Front-end technologies

Node and ExpressJS

Node.js provided with a common ground for development. Linking the object model through mongoose and running the app with express are advantages of software development attached to the access to the npm package library. Express takes care of the details of running a server behind closed doors, while mongoose allowed us to change the structure of our database multiple times across the development lifecycle, delivering a version that was compressed to the best of our ability and that was still easy to work with.

Django is a framework we used to develop another project on. But a more attentive search to how it links to Mongo revealed that we needed a Python driver of the likes of PyMongo. Those multiple middlewares would have added unnecessary complexity to our project. So we decided to discard Django framework, and try a JS framework on the server side. This kept a cohesive feel to the code and it lead to a better collaboration between the front end developments and the back end routing, because we knew the possibilities of our languages.

Back-end Technologies

MongoDB

Figuring out the back end is a feat we have accomplished studying technologies and understand the way they work together. We tried SQL in the first place, using Microsoft’s Access platform for relational databases. SQL seemed a reasonable choice due to the many relationships of child-parent that the data displayed. The importing of data from Excel and/or csv was unfortunately really slow and defective for our purposes, so we switched focus to MongoDB, a NoSQL database that didn’t hold account for these relationships, whose deployment process proved to be much more achievable.

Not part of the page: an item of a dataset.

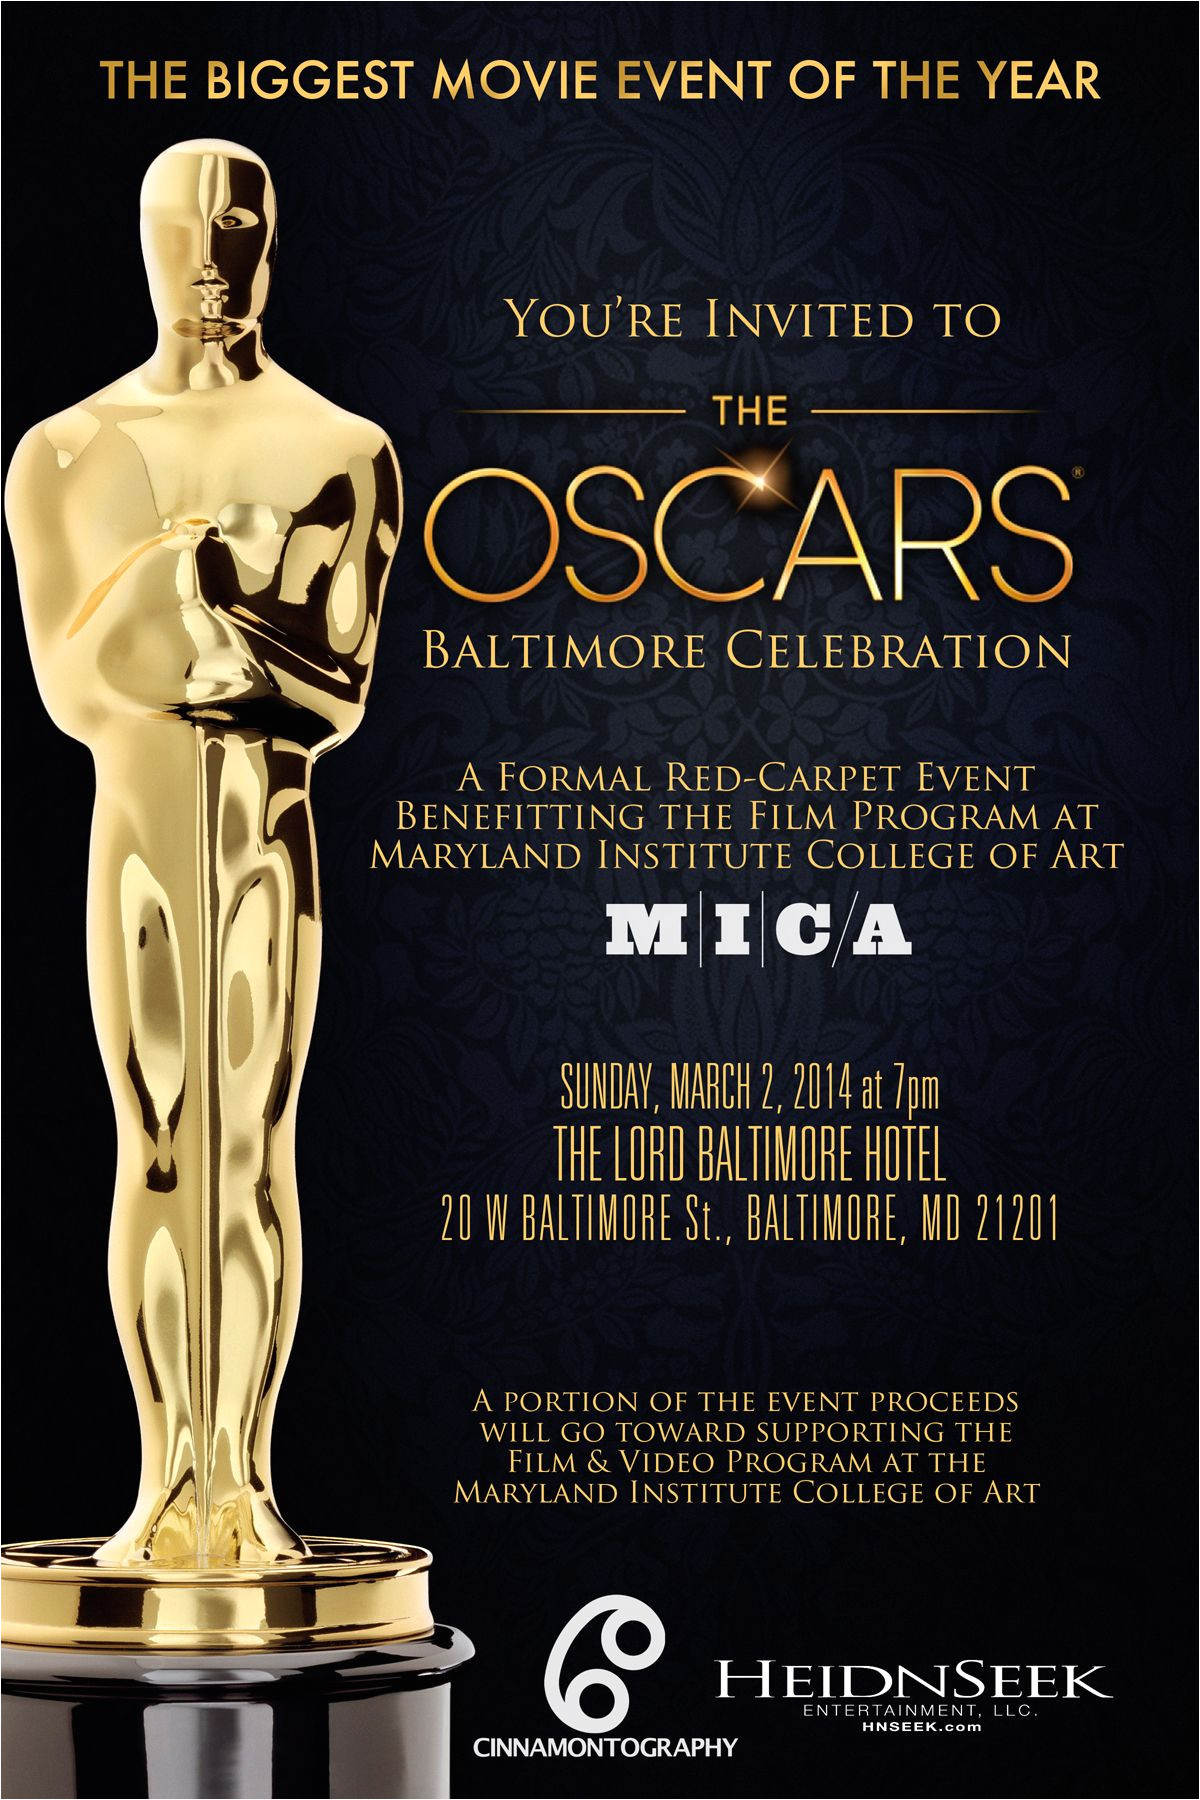 Oscar Party Invitation Template Image Result for Oscar themed Party Sayings Invitations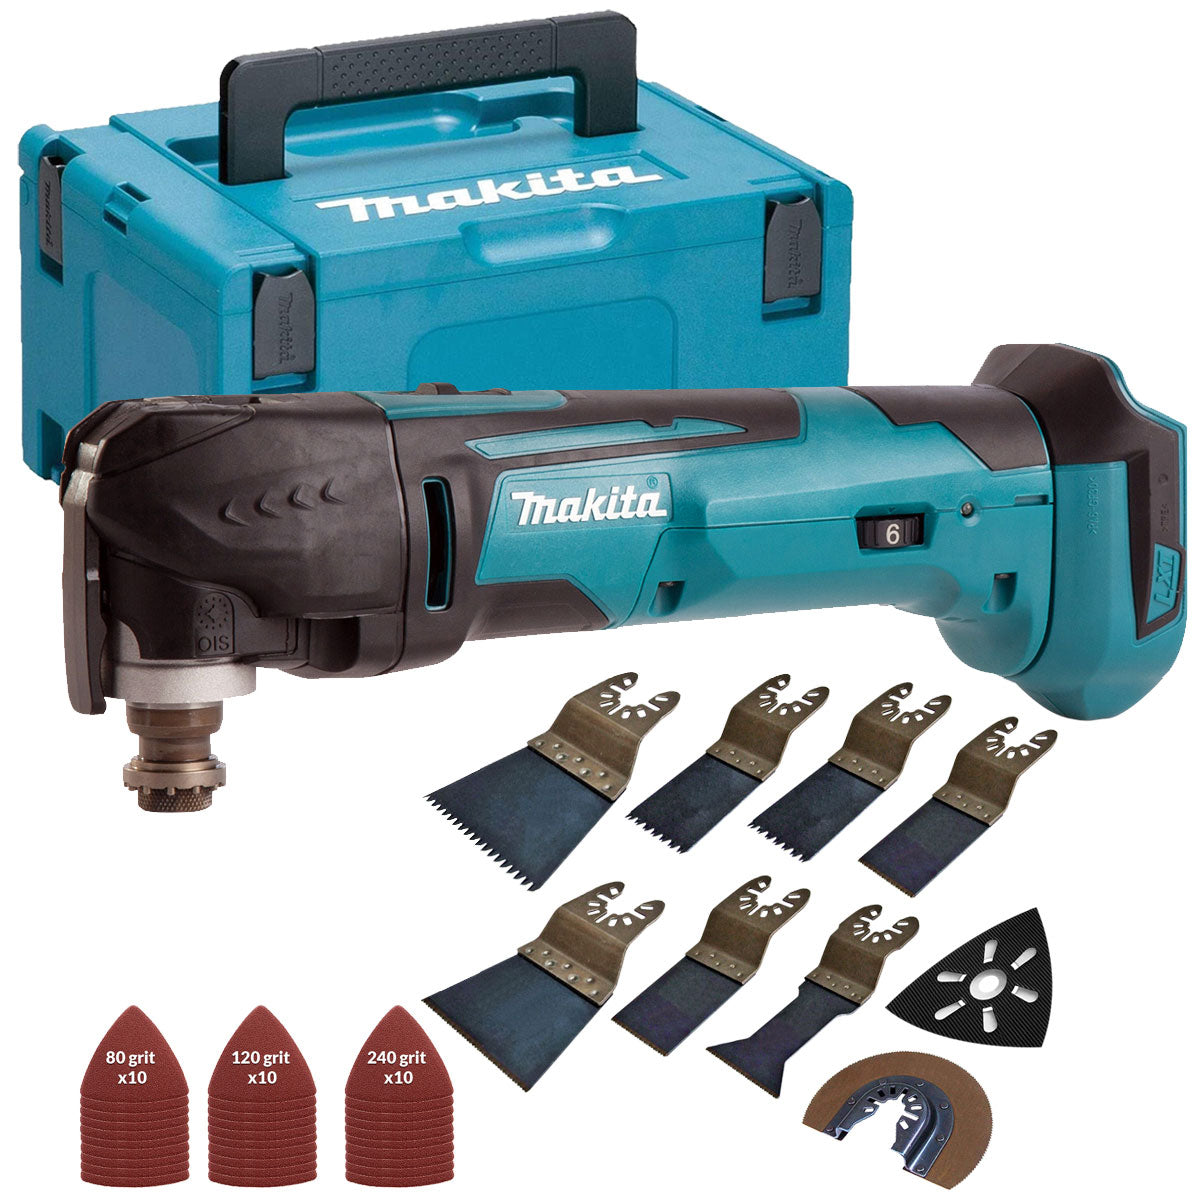 Makita DTM51Z LXT 18V Oscillating Multitool with 39 Piece Accessories Set & Makpac Case

Using mongoimport never failed us and we had a setup that was well documented from the beginning so that when the data was updated extensively (like when we added all image links), we knew how to update the data and how to keep backups. We learned that Mongo is also very fast with aggregate queries and that it’s document model is very extendable. Having this tool to aid our data searches and grouping, we went to study which frameworks would best work with it.

Visualisations Libraries

D3.js and Chart.js

Our choice for visualisation libraries had to be the hardest design decision we had to make, as there is a huge number of them, for various purposes and written in various programming languages. After some research we narrowed it down to two categories: javascript libraries and python libraries. As we weren’t really familiar with any of the languages we decided to give python a try. While it was easy, most python libraries we could find didn’t pay a lot of attention to the small details of a graph or visualisation and all of the examples looked crude and simplistic.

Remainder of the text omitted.